- WORK INSTRUCTIONS
Starting with the line that contains "Louis Vuitton Malle", copy every line through the end of the listing, exactly and only those. No pictures should appear in the copy.

- SUPPLIED MATERIAL

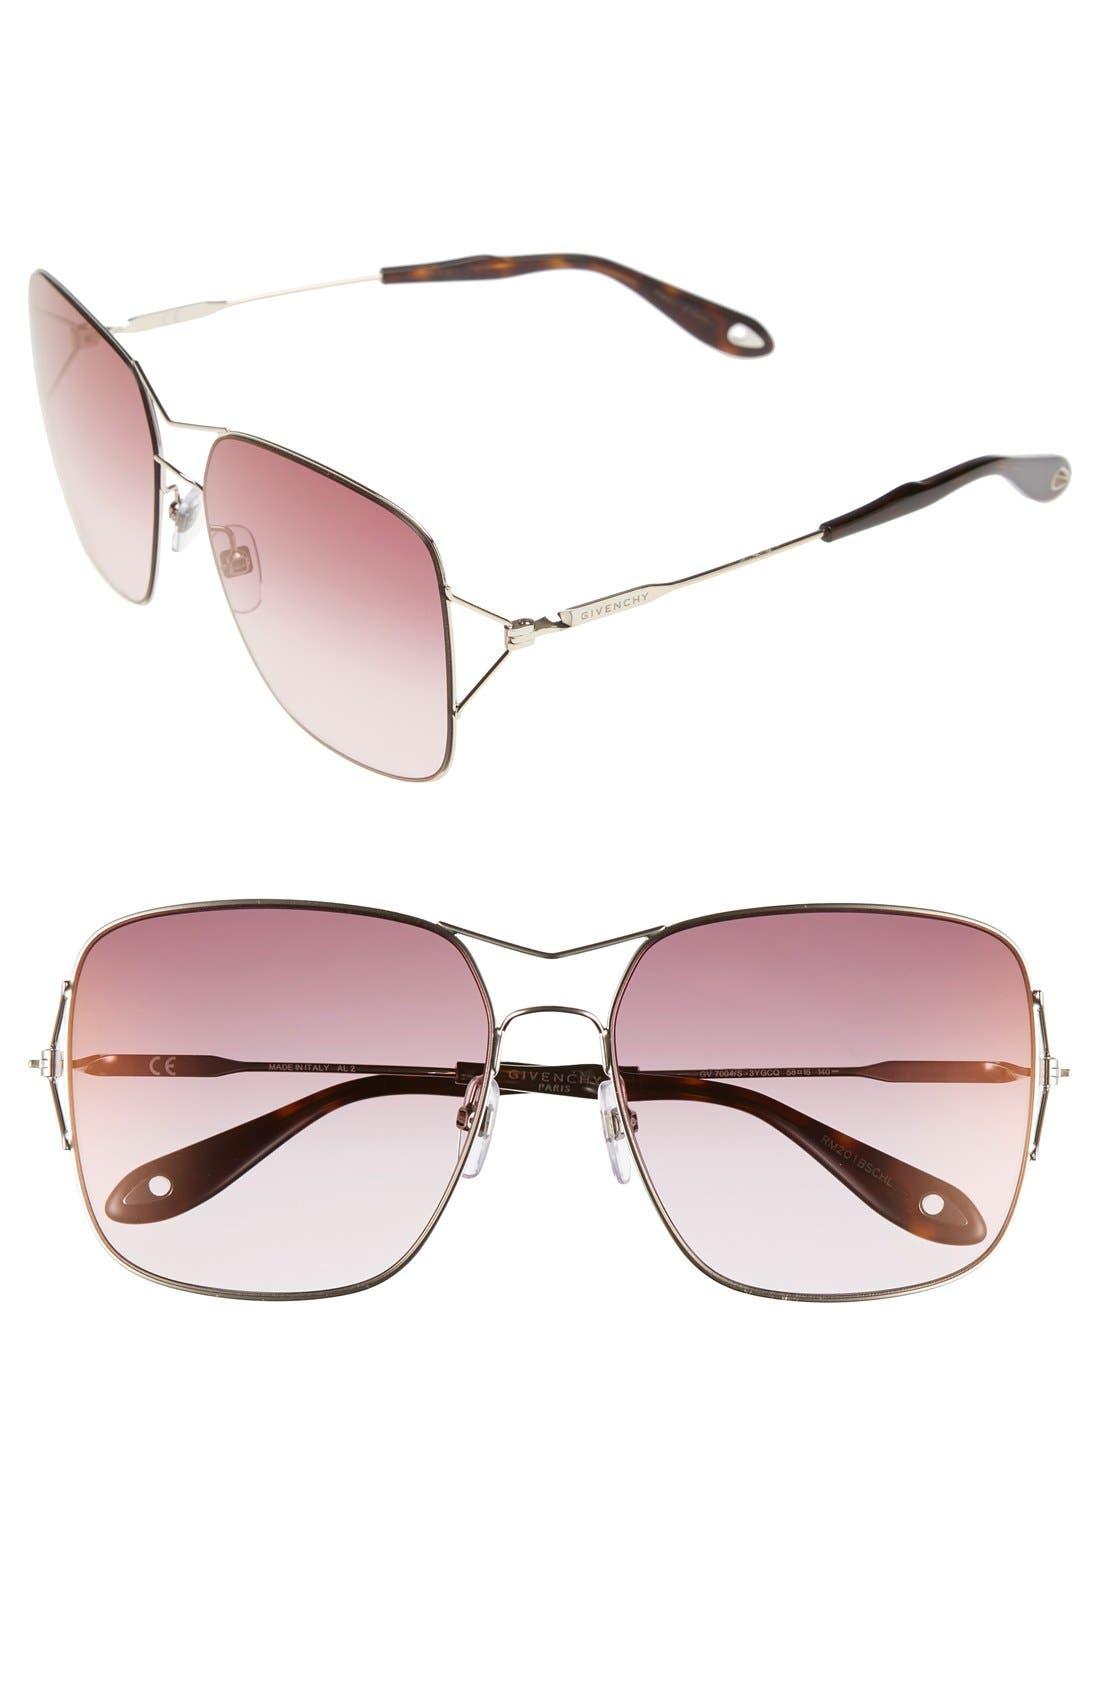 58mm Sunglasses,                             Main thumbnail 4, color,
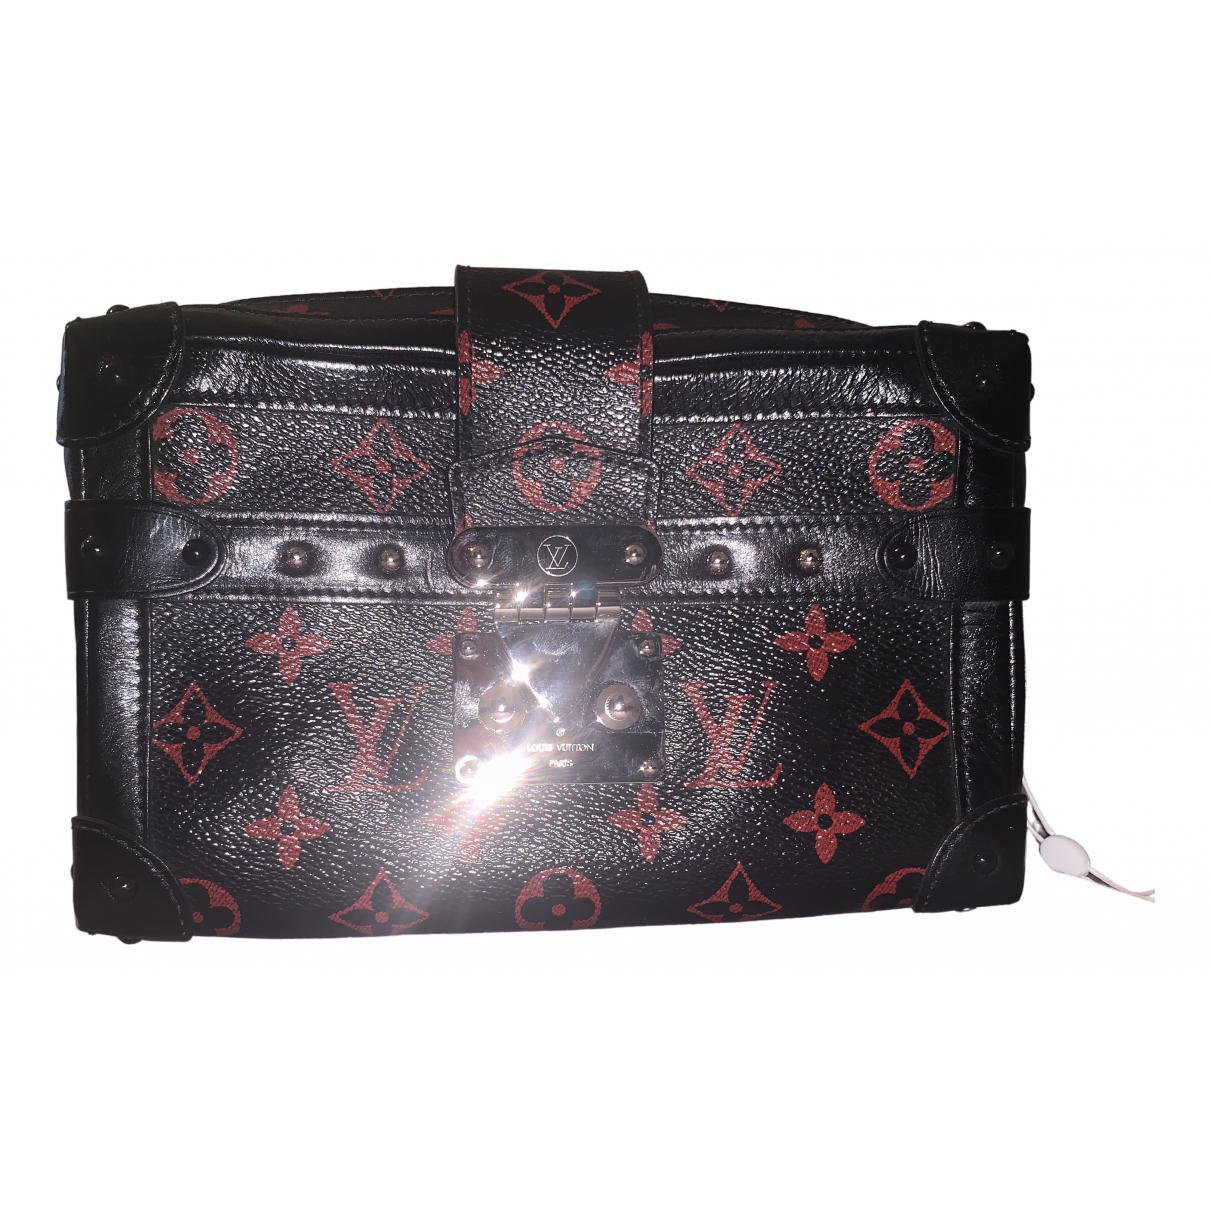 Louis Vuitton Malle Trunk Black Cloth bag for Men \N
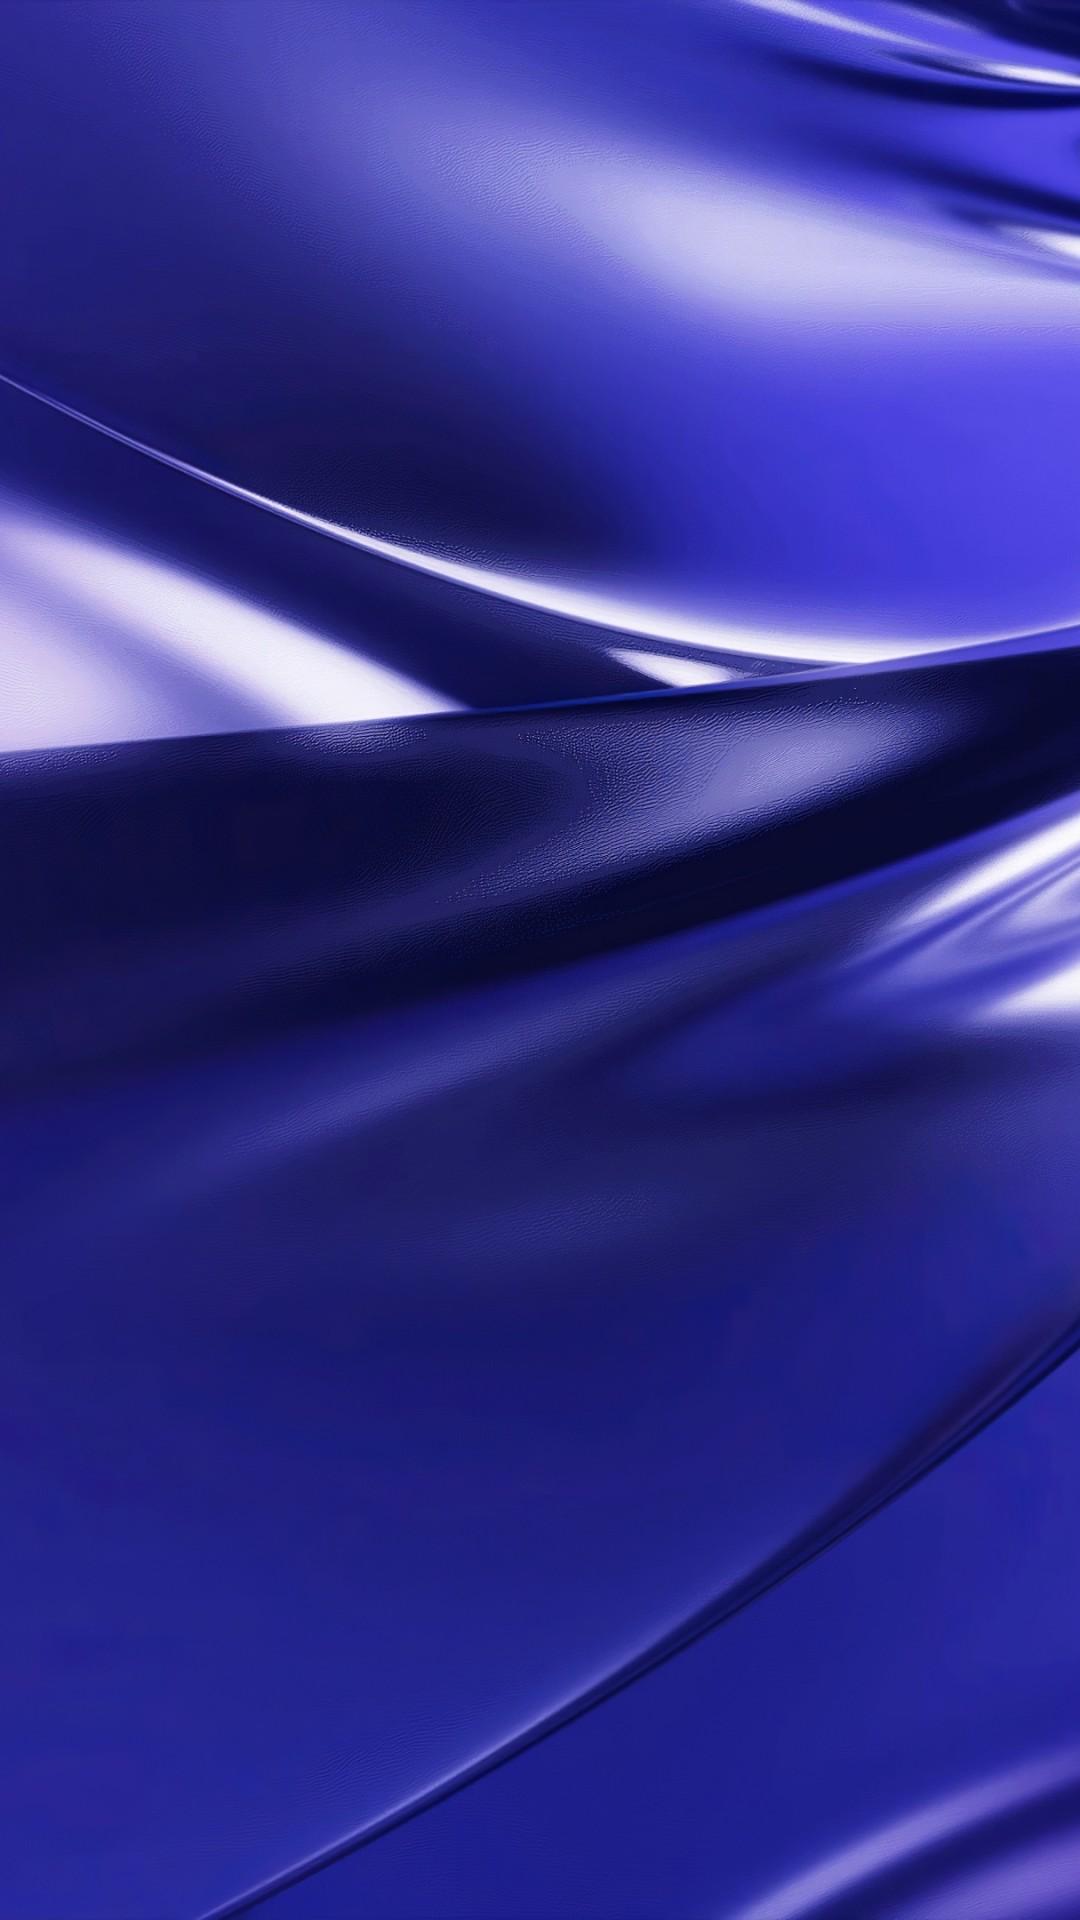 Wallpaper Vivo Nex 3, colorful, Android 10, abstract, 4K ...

- RESULT FOR THIS EXERCISE
 Louis Vuitton Malle Trunk Black Cloth bag for Men \N
 Wallpaper Vivo Nex 3, colorful, Android 10, abstract, 4K ...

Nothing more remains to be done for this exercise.